Abstract:
Objective Synthetic aperture radar (SAR) has become an indispensable tool for marine surveillance due to its all-weather, day-and-night imaging capabilities. However, automatic ship detection in SAR imagery remains highly challenging, primarily because of strong coherent speckle noise, drastic variations in target scale, and complex background interference in inshore scenarios. Existing lightweight models often struggle to maintain high detection accuracy and robustness under these varying conditions. To address these challenges, this paper proposes an improved lightweight detection model—SSD-YOLO—build upon the YOLOv8n architecture, designed to improve detection performance in complex marine scenarios.
Method The SSD-YOLO model constructs a hierarchical "Reinforce-Purify-Fuse" synergistic framework by integrating three theoretically grounded innovative modules. First, to address the challenge of weak target responses in heavy noise, a parameter-free target response enhancement module (C2f_SimAM) is incorporated into the backbone network. Leveraging an energy-function-based SimAM attention mechanism inspired by neuroscience, this module adaptively calculates 3D attention weights, effectively enhancing the linear separability of target neurons while suppressing background clutter without introducing any additional model parameters. Second, a lightweight anti-noise feature aggregation module (SAR_SPPF) is deployed at the end of the backbone. Unlike traditional spatial pyramid pooling, this module employs Ghost Convolutions to improve computational efficiency and introduces a novel dual-path pooling strategy. Theoretical derivations based on the Gamma distribution properties of SAR speckle noise show that combining small-kernel average pooling (for smoothing background variance) with large-kernel max pooling (for retaining strong scattering peaks) maximizes the signal-to-noise ratio. Third, a direction-sensitive multi-scale fusion module (C2f_DSConv) is integrated into the neck network. This module replaces standard convolutions with direction-sensitive depthwise separable convolutions. By applying kernels oriented at 0°, 45°, and 90°, it effectively captures the anisotropic texture and geometric structures of ships, thereby significantly improving the model’s ability to detect densely distributed and multi-scale targets.

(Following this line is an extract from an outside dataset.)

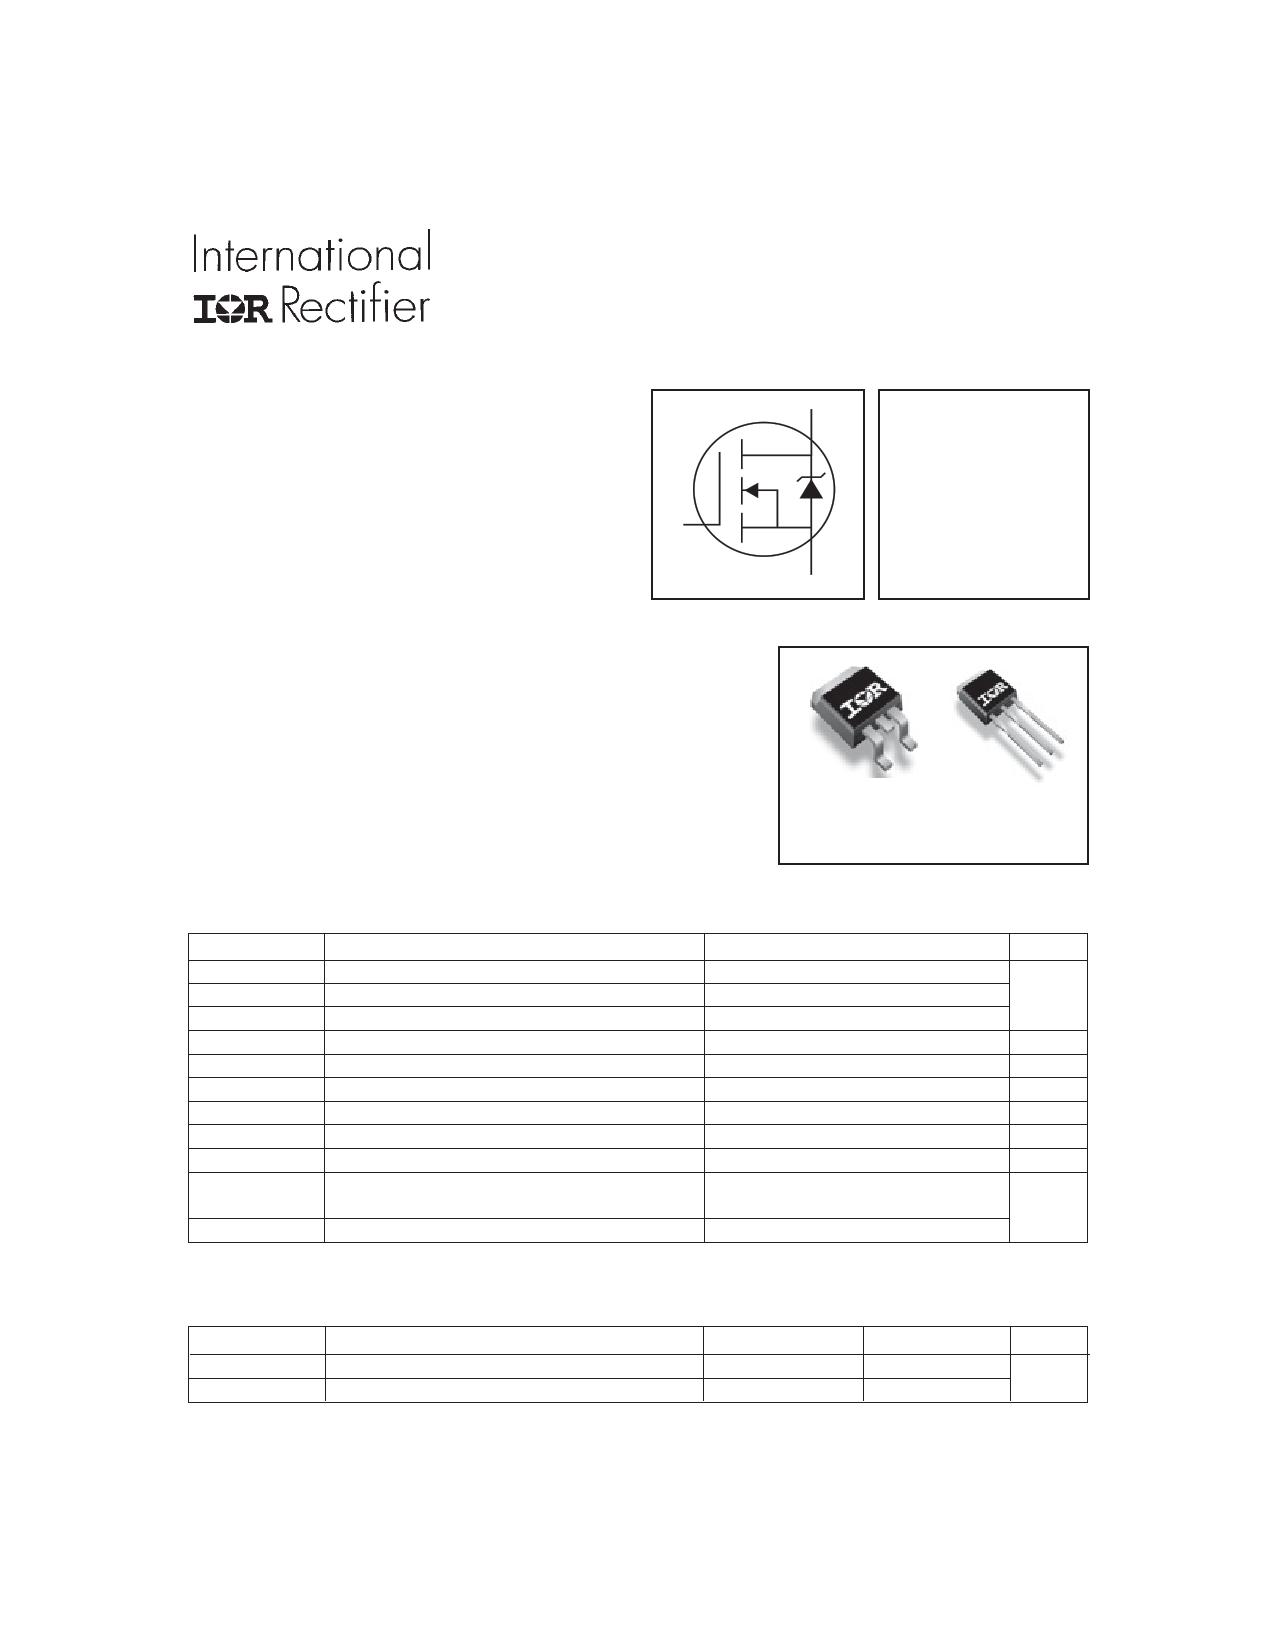 IRFZ34VLPBF Datasheet, IRFZ34VLPBF PDF,ピン配置, 機能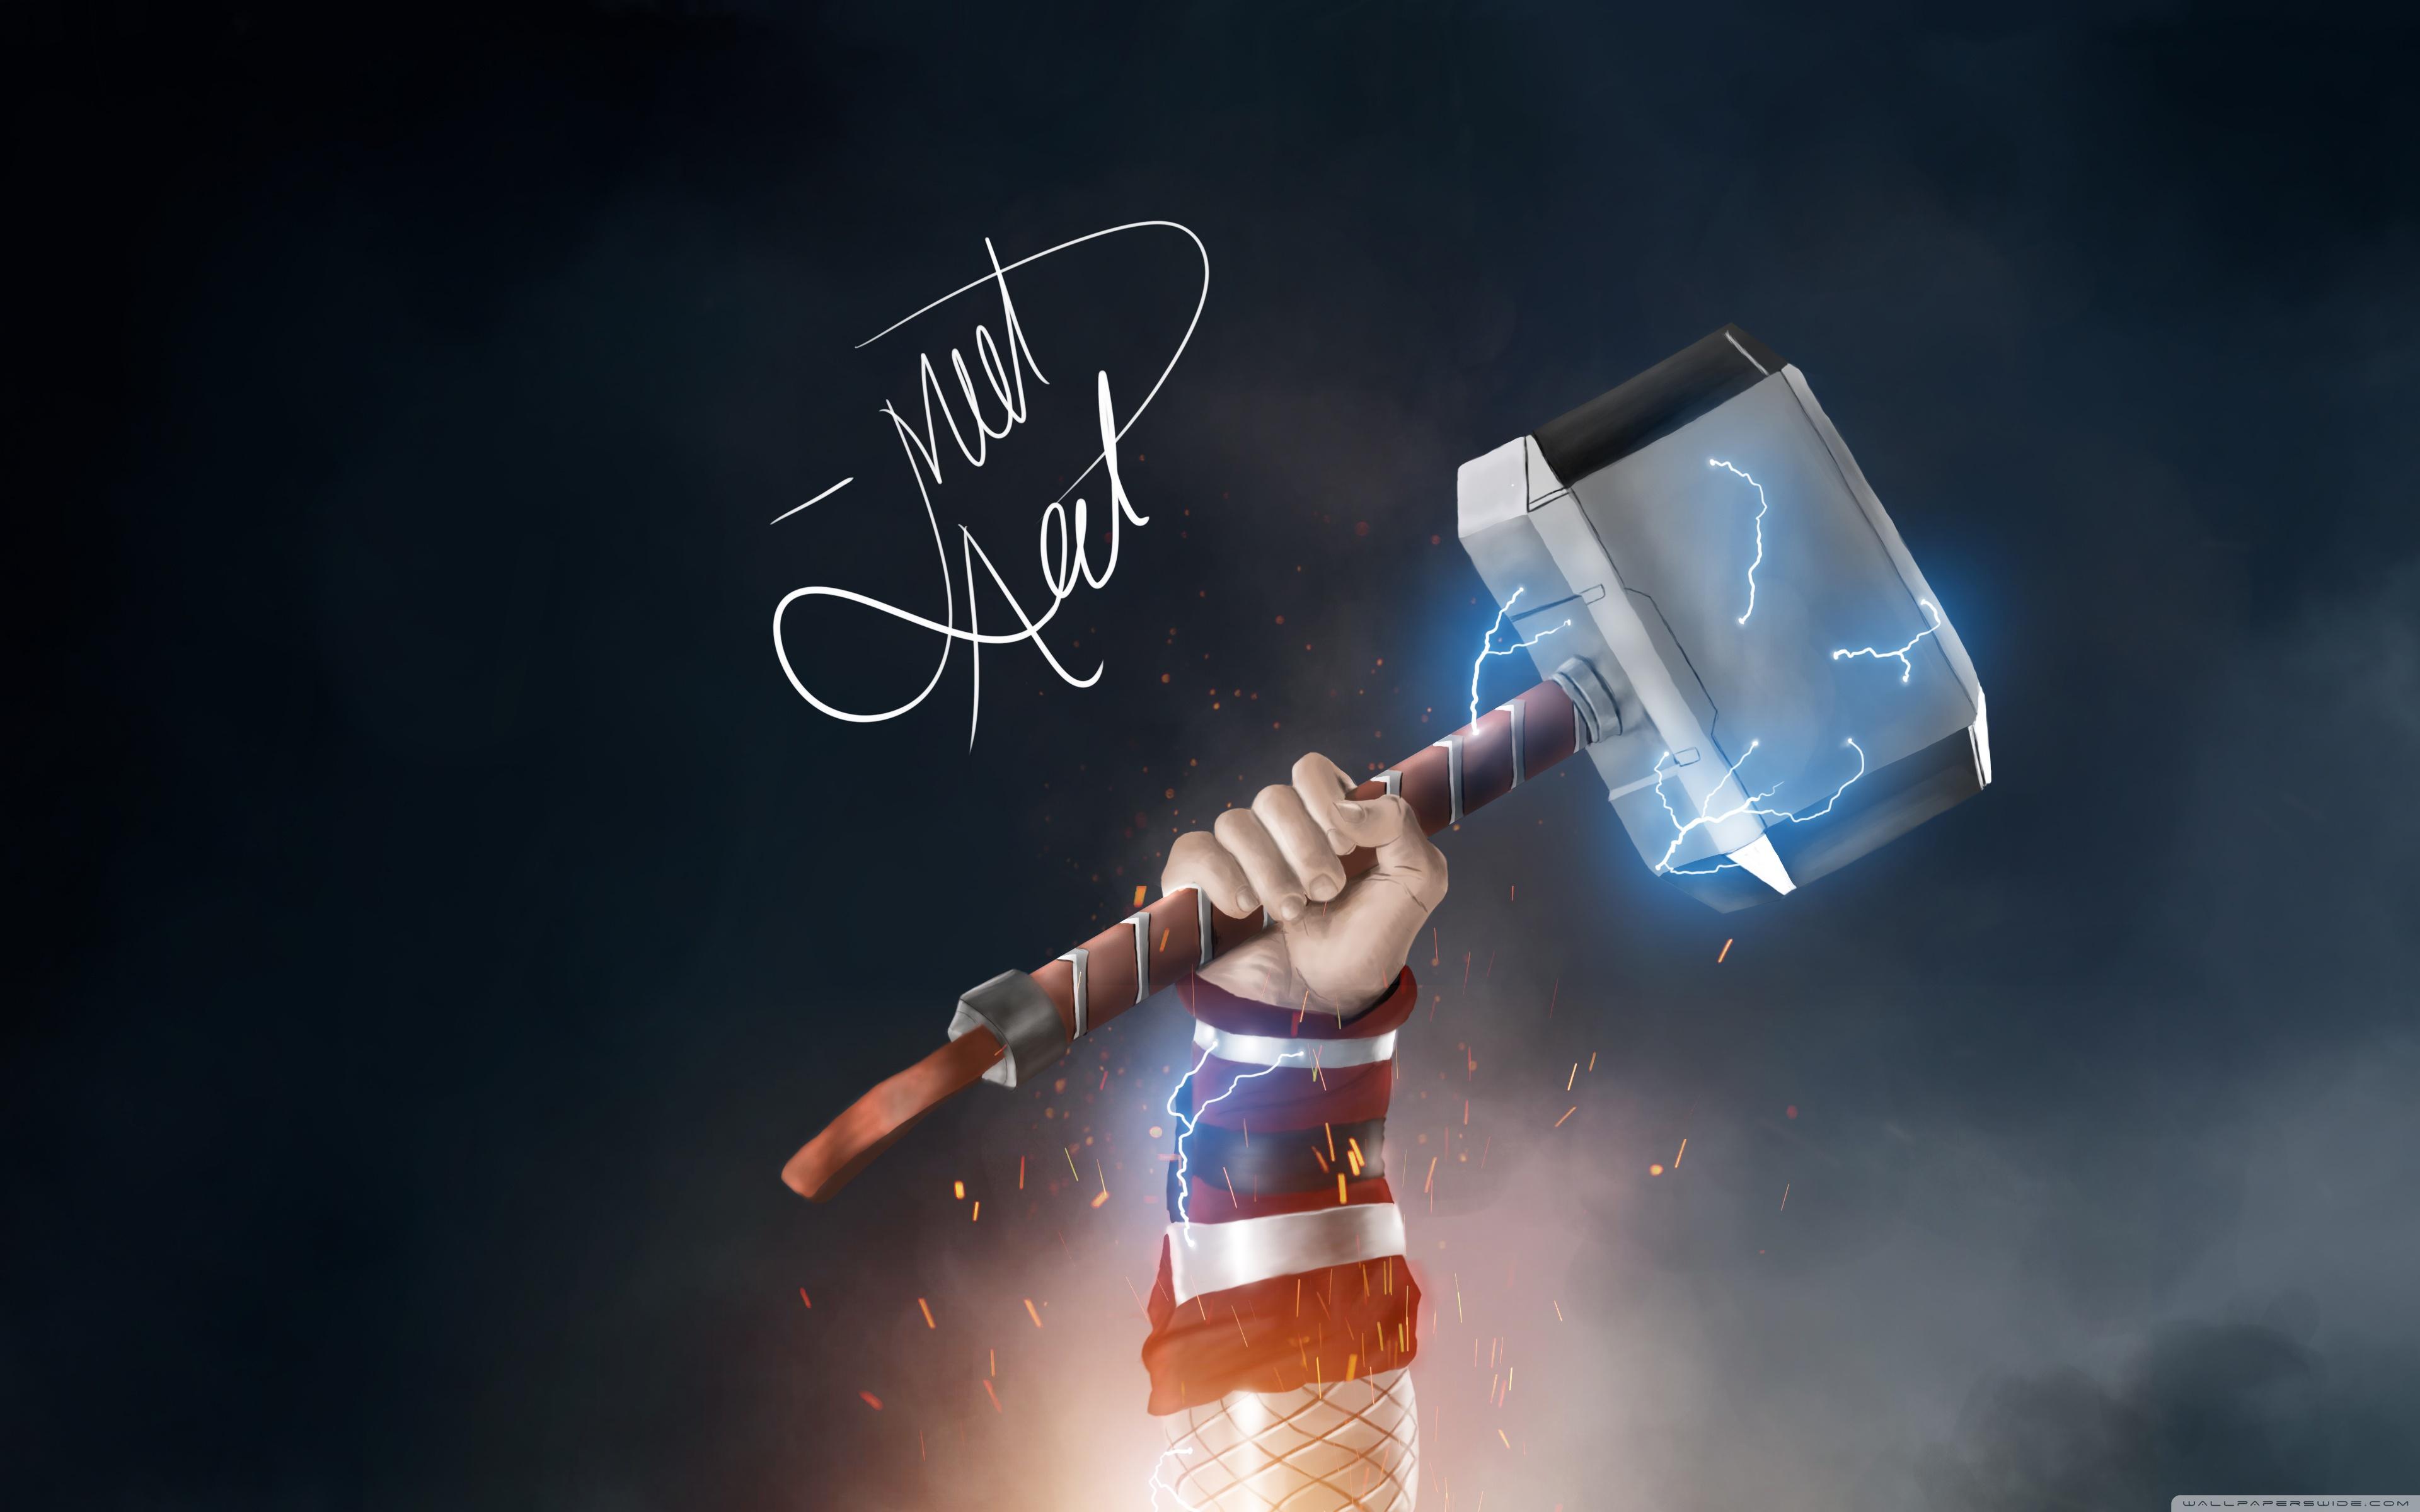 Thor Hammer Wallpaper Hd 3840x2400 Wallpaper Teahub Io

Results Extensive experiments were conducted on the SSDD and HRSID datasets. On the SSDD dataset, the model achieved 97.0% precision, 96.4% recall, 99.0% mAP@0.5, and 74.3% mAP@0.5:0.95. Despite these substantial performance gains, the model remains highly lightweight, maintaining approximately 3.01M parameters and 7.9G FLOPs. Generalization experiments on the more challenging, high-resolution HRSID dataset demonstrated superior robustness, yielding an mAP@0.5 of 94.9%. Quantitative analysis of the feature map SNR further validated the internal rationale behind the proposed synergistic framework.
Conclusion This study presents an efficient and robust solution for SAR ship detection by integrating lightweight anti-noise processing, target response enhancement, and direction-sensitive feature capture strategies.